Hi Boris,
Thanks for the feedback. Apologies for the delay.
-----Original Message----- From: Borislav Petkov [mailto:bp@alien8.de] Sent: 31 December 2020 16:44 To: Shiju Jose shiju.jose@huawei.com Cc: linux-edac@vger.kernel.org; linux-acpi@vger.kernel.org; linux- kernel@vger.kernel.org; james.morse@arm.com; mchehab+huawei@kernel.org; tony.luck@intel.com; rjw@rjwysocki.net; lenb@kernel.org; rrichter@marvell.com; Linuxarm linuxarm@huawei.com; xuwei (O) xuwei5@huawei.com; Jonathan Cameron jonathan.cameron@huawei.com; John Garry john.garry@huawei.com; tanxiaofei tanxiaofei@huawei.com; Shameerali Kolothum Thodi shameerali.kolothum.thodi@huawei.com; Salil Mehta salil.mehta@huawei.com Subject: Re: [RFC PATCH 1/2] EDAC/ghes: Add EDAC device for the CPU caches
On Tue, Dec 08, 2020 at 05:29:58PM +0000, Shiju Jose wrote:
The corrected error count on the CPU caches required reporting to the user-space for the predictive failure analysis. For this purpose, add an EDAC device and device blocks for the CPU caches found. The cache's corrected error count would be stored in the /sys/devices/system/edac/cpu/cpu*/cache*/ce_count.
This still doesn't begin to explain why the kernel needs this. I had already asked whether errors in CPU caches are something which happen often enough so that software should count them but nothing came. So pls justify first why this wants to be added to the kernel.
L2 cache corrected errors are detected occasionally on few of our ARM64 hardware boards. Though it is rare, the probability of the CPU cache errors frequently occurring can't be avoided. The earlier failure detection by monitoring the cache corrected errors for the frequent occurrences and taking preventive action could prevent more serious hardware faults.

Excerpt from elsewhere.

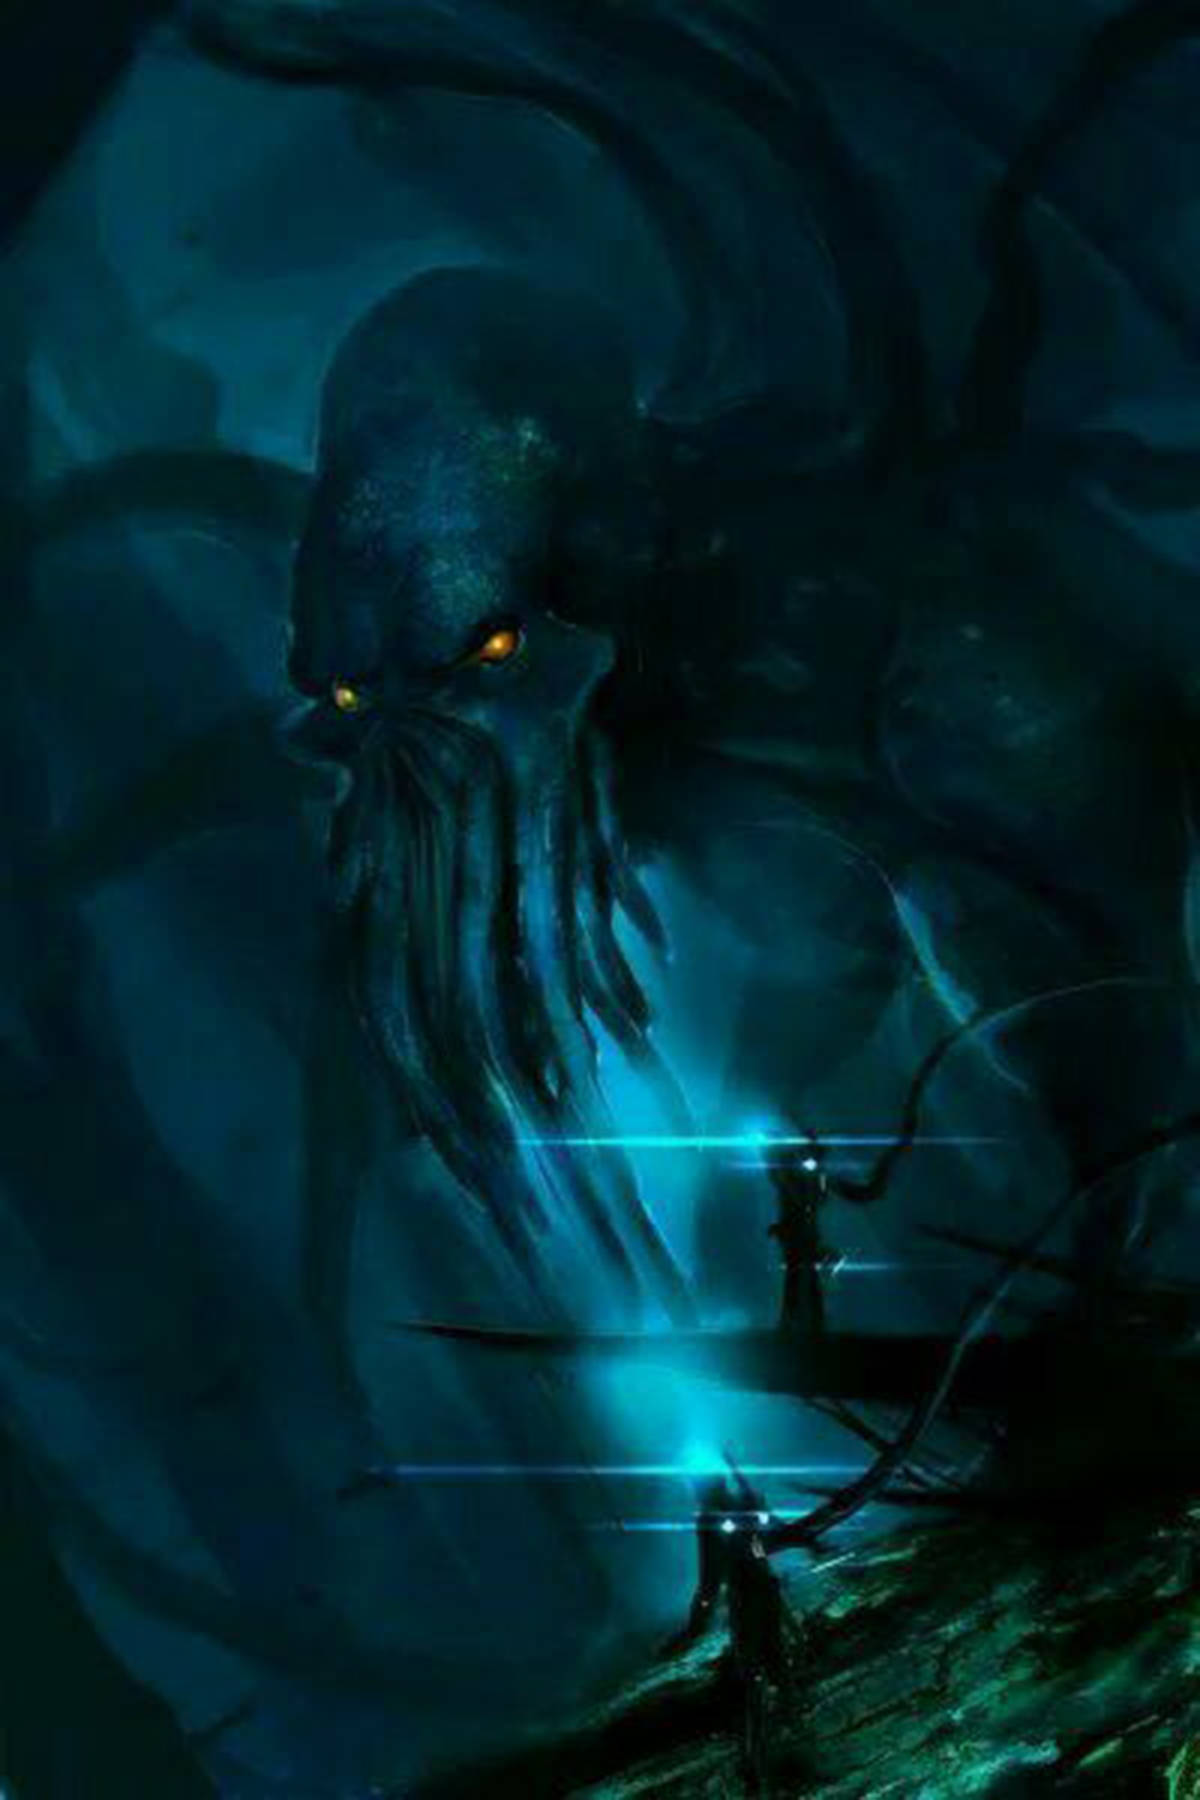 听说过深海恐惧症吗幽暗海底深海巨怪会让某些人浑身发抖

On Intel architectures, cache corrected errors are reported and the affected cores are offline in the architecture specific method. http://www.mcelog.org/cache.html
However for the firmware-first error reporting, specifically on ARM64 architectures, there is no provision present for reporting the cache corrected error count to the user-space and taking preventive action such as offline the affected cores.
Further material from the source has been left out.